[Data section — start]

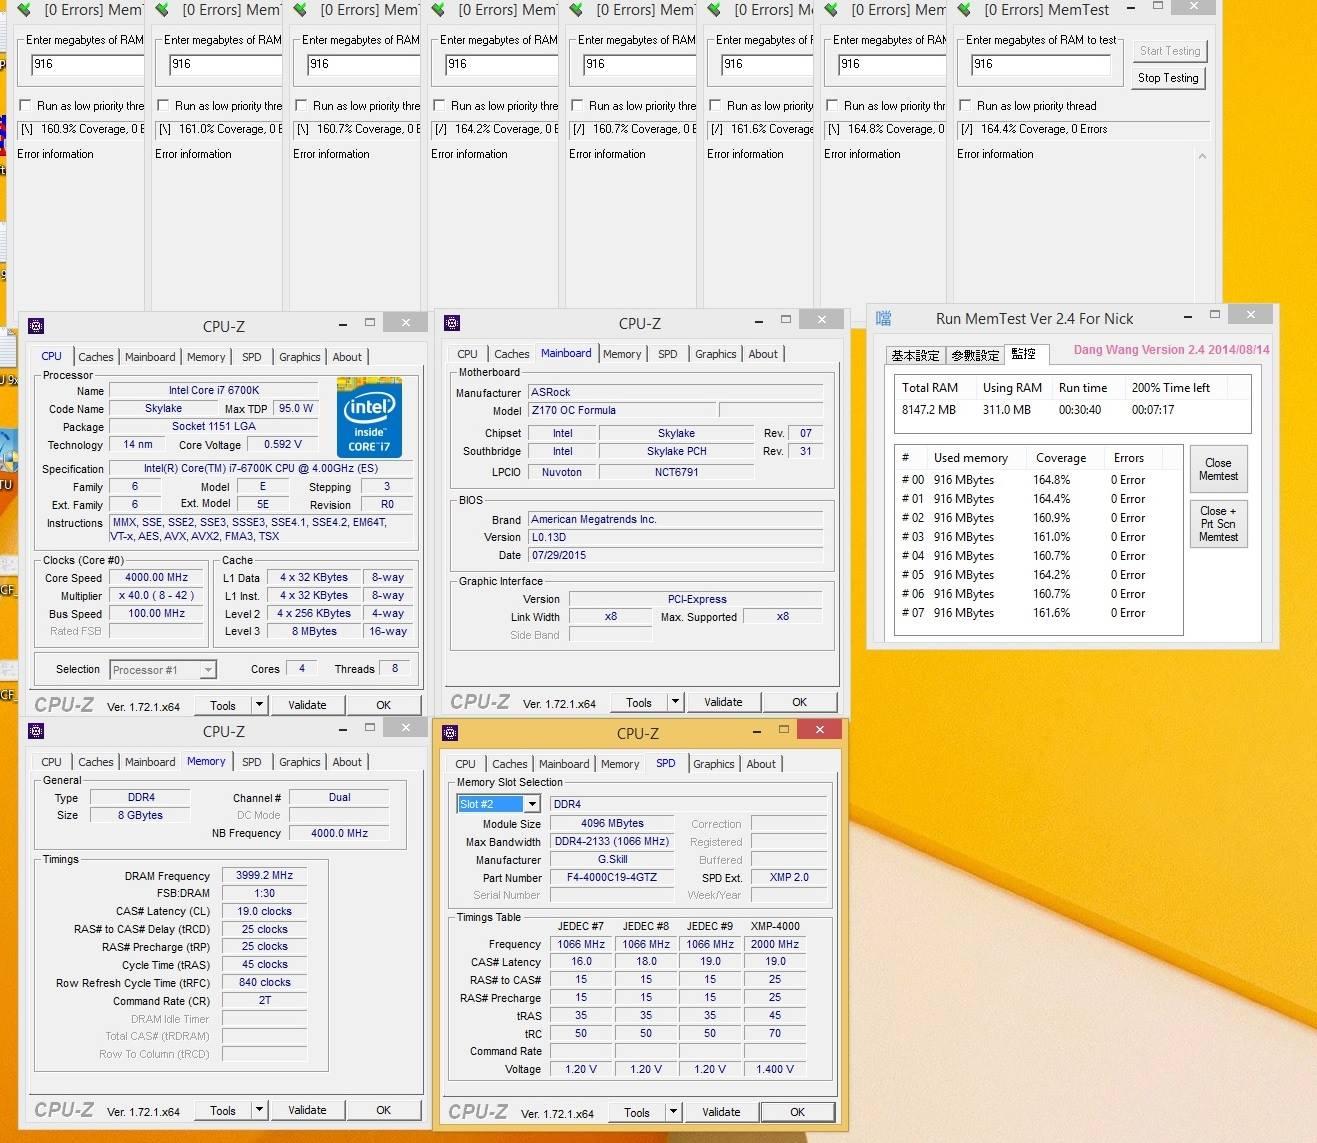 intel-core-i7-6700k_4000-mhz_ddr4-memory_2
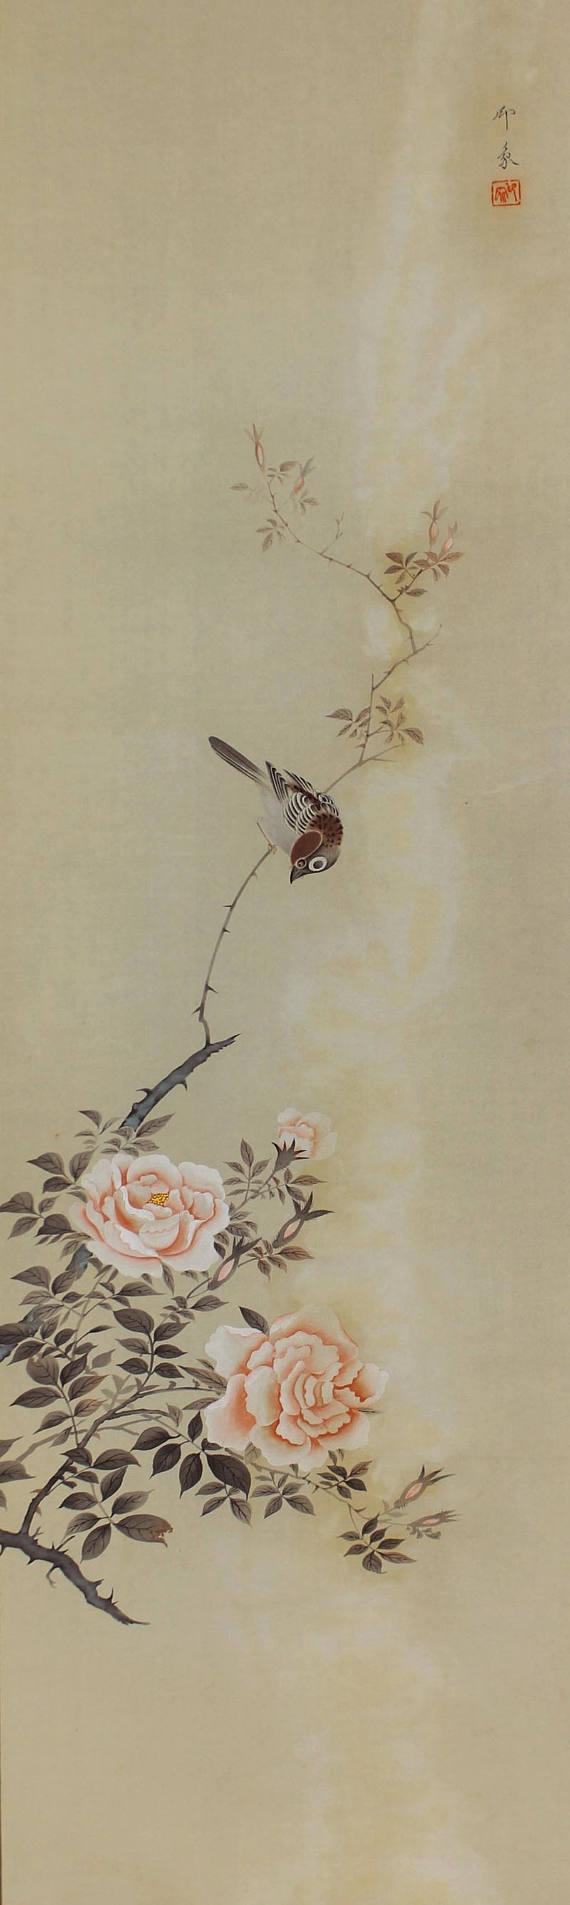 Sparrow on Rose. Bird and Flower Hanging scroll painting,Japanese Art Kakejiku
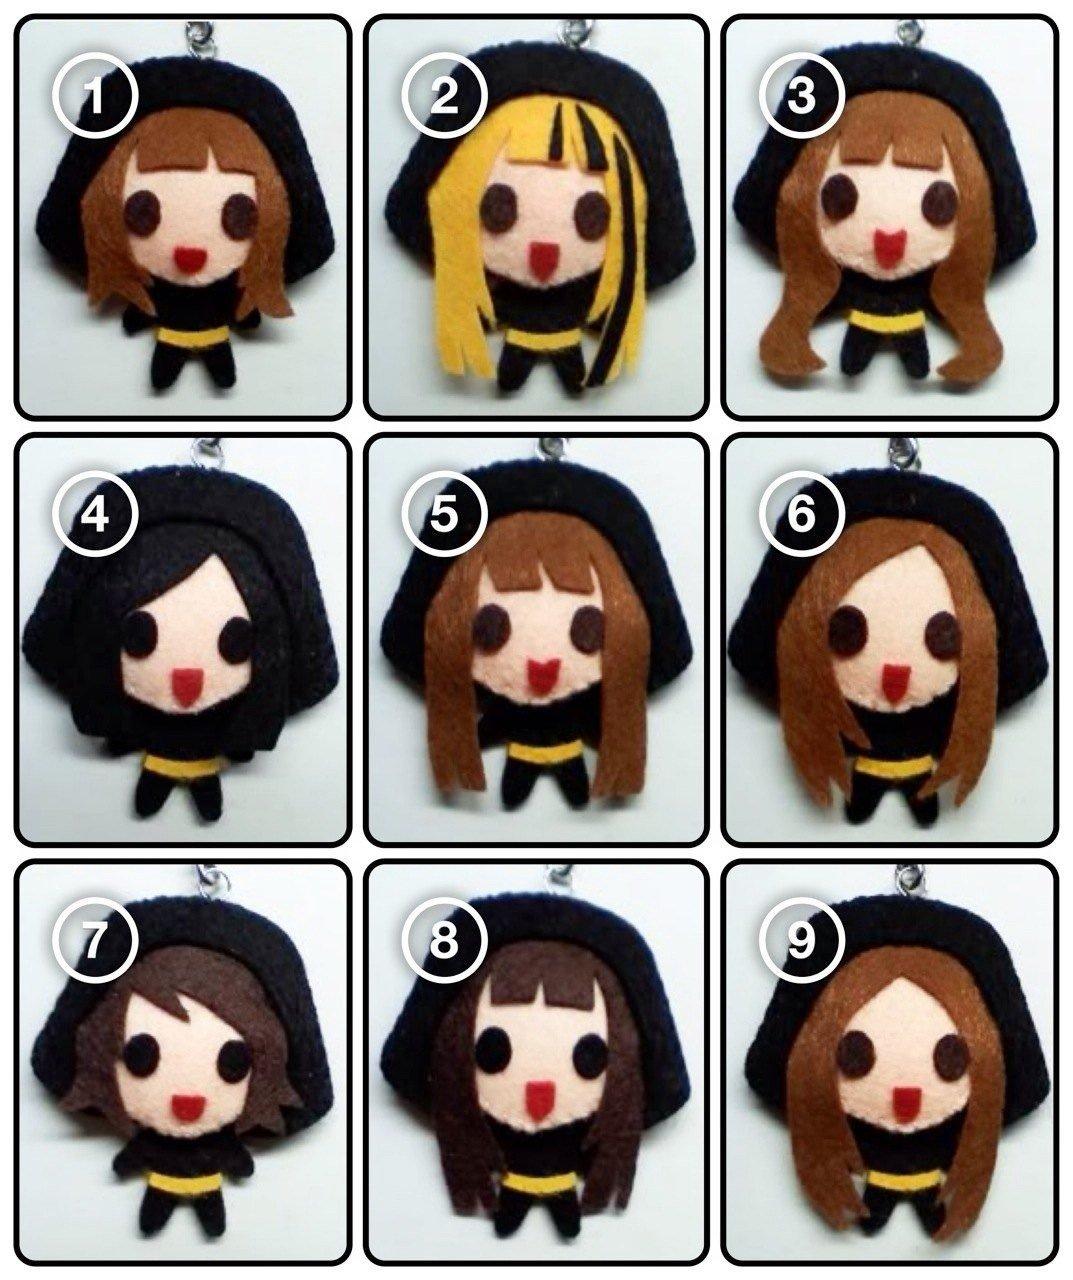 [SET of 9] SNSD - Run Devil Run KPOP Handmade Doll Keychains

[Data section — finish]

> [Work instructions]: Pictures stay out; everything else in the listing above gets repeated exactly.

> [Problem solution]:
 intel-core-i7-6700k_4000-mhz_ddr4-memory_2
 Sparrow on Rose. Bird and Flower Hanging scroll painting,Japanese Art Kakejiku
 [SET of 9] SNSD - Run Devil Run KPOP Handmade Doll Keychains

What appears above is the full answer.